Assume $f(x)$ is convex in $[0,\infty)$, Prove
$F(x)=\frac{1}{x}\int_0^xf(t)dt$ is convex
Assume $f(x)$ is convex in $[0,\infty)$, Prove
$F(x)=\frac{1}{x}\int_0^xf(t)dt$ is convex
A hint: Substitute $t:=\tau\, x$ $\ (0\leq\tau\leq 1)$ and look at the resulting integral.
0. As alluded to in the comments, there exists several characterizations of convex functions and each of them can prove useful in a given context: one can mention usual convexity inequalities, nondecreasing difference ratios, nondecreasing left- and right-derivatives, nonnnegative second derivatives (when these exist), the graph being above its tangents, some duality à la Fenchel-Legendre, etc.
It happens that a simple change of variables allows to answer the specific question asked here rather shortly. Nevertheless we now explain another method, whose main advantage is that it allows to present some useful tools in this context.
To wit, a characterization of convexity is as follows: the function $f:[0,+\infty)\to\mathbb R$ is convex on $[0,+\infty)$ if and only if there exists a nondecreasing locally integrable function $g:(0,+\infty)\to\mathbb R$ and some finite $c$ such that, for every $x\geqslant0$, $ f(x)=c+\int_0^xg(y)\mathrm dy. $ (To be rigorous here, one can only be sure that $f(0)\geqslant c$, but to ask that $f$ is continuous at $0$ does not change its convexity.)
1. In our context, assuming that $f$ is convex and written as above, one gets $ F(x)=\frac1x\int_0^xf(y)\mathrm dy=c+\frac1x\int_0^x\int_0^yg(z)\mathrm dz\mathrm dy=c+\frac1x\int_0^xg(z)(x-z)\mathrm dz, $ and one seeks a nondecreasing locally integrable function $h$ such that $F=c+\int\limits_0^{\cdot} h$.

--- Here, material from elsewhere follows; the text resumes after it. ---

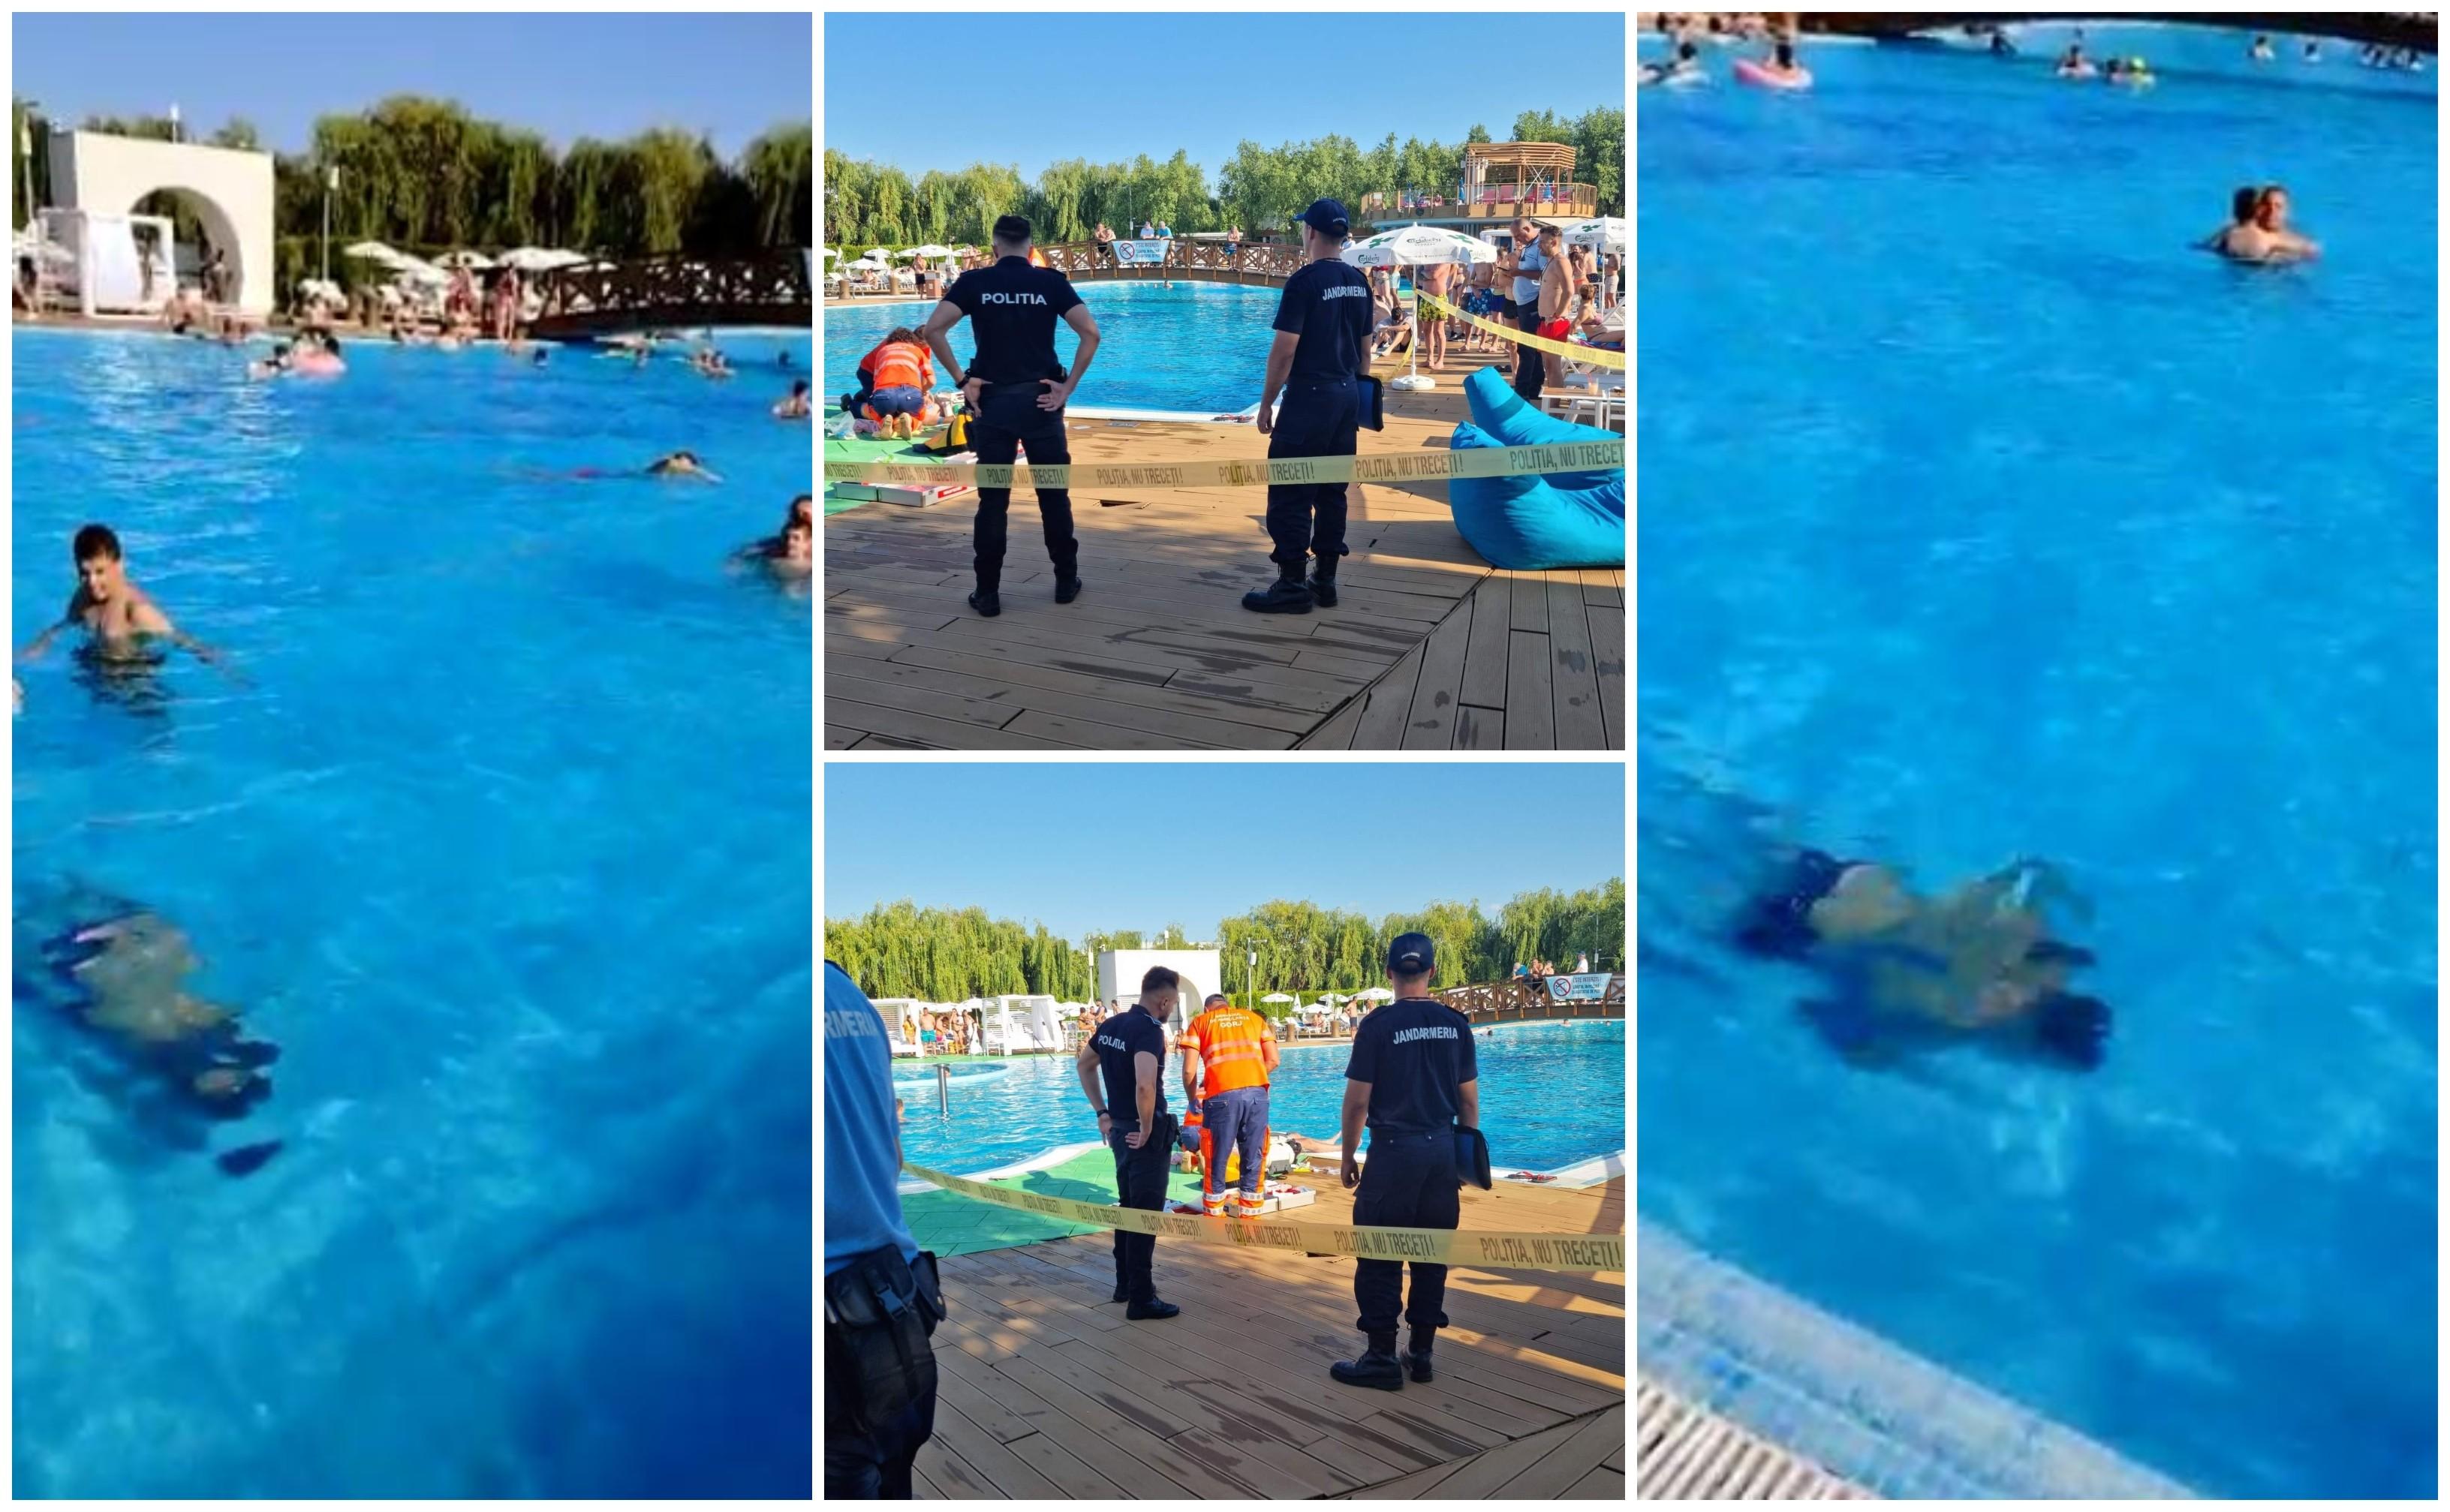 Ultimele clipe din viaţa unui bărbat din Gorj, filmate cu telefonul. S-a înecat în piscină sub privirile oamenilor, dar nimeni nu şi-a dat seama

2. To find $h$, introduce the function $ k=\int\limits_0^{\cdot}yg(y)\mathrm dy. $ An integration by parts yields F(x)=c+\int_0^xk'(z)\frac{x-z}{xz}\mathrm dz=c+\left[\frac{x-z}{xz}k(z)\right]_ 0^x+\int_0^xk(z)\frac{\mathrm dz}{z^2}. Since $k(z)=o(z)$ when $z\to0$, the second term on the RHS is zero and $F$ has the desired form, with $ h(x)=\frac1{x^2}k(x)=\frac1{x^2}\int_0^xyg(y)\mathrm dy. $ 3. To check whether $h$ is nondecreasing, several methods are available here, let us explain one which is completely elementary. For every $0\lt x\leqslant y$, $ y^2h(y)=\int_0^xzg(z)\mathrm dz+\int_x^yzg(z)\mathrm dz=x^2h(x)+\int_x^yzg(z)\mathrm dz, $ and $g(z)\geqslant g(x)$ for every $z\geqslant x$, hence $ 2y^2h(y)\geqslant 2x^2h(x)+g(x)\int_x^y2z\mathrm dz=2x^2h(x)+g(x)(y^2-x^2). $ Now, $g(z)\leqslant g(x)$ for every $z\leqslant x$ hence $ 2x^2h(x)\leqslant g(x)\int_0^x2z\mathrm dz=g(x)x^2,\quad\text{that is,}\quad g(x)\geqslant2h(x). $ Using this in the previous inequality, one gets $ 2y^2h(y)\geqslant 2x^2h(x)+2h(x)(y^2-x^2)=2y^2h(x), $ hence $h(y)\geqslant h(x)$ and the proof is complete.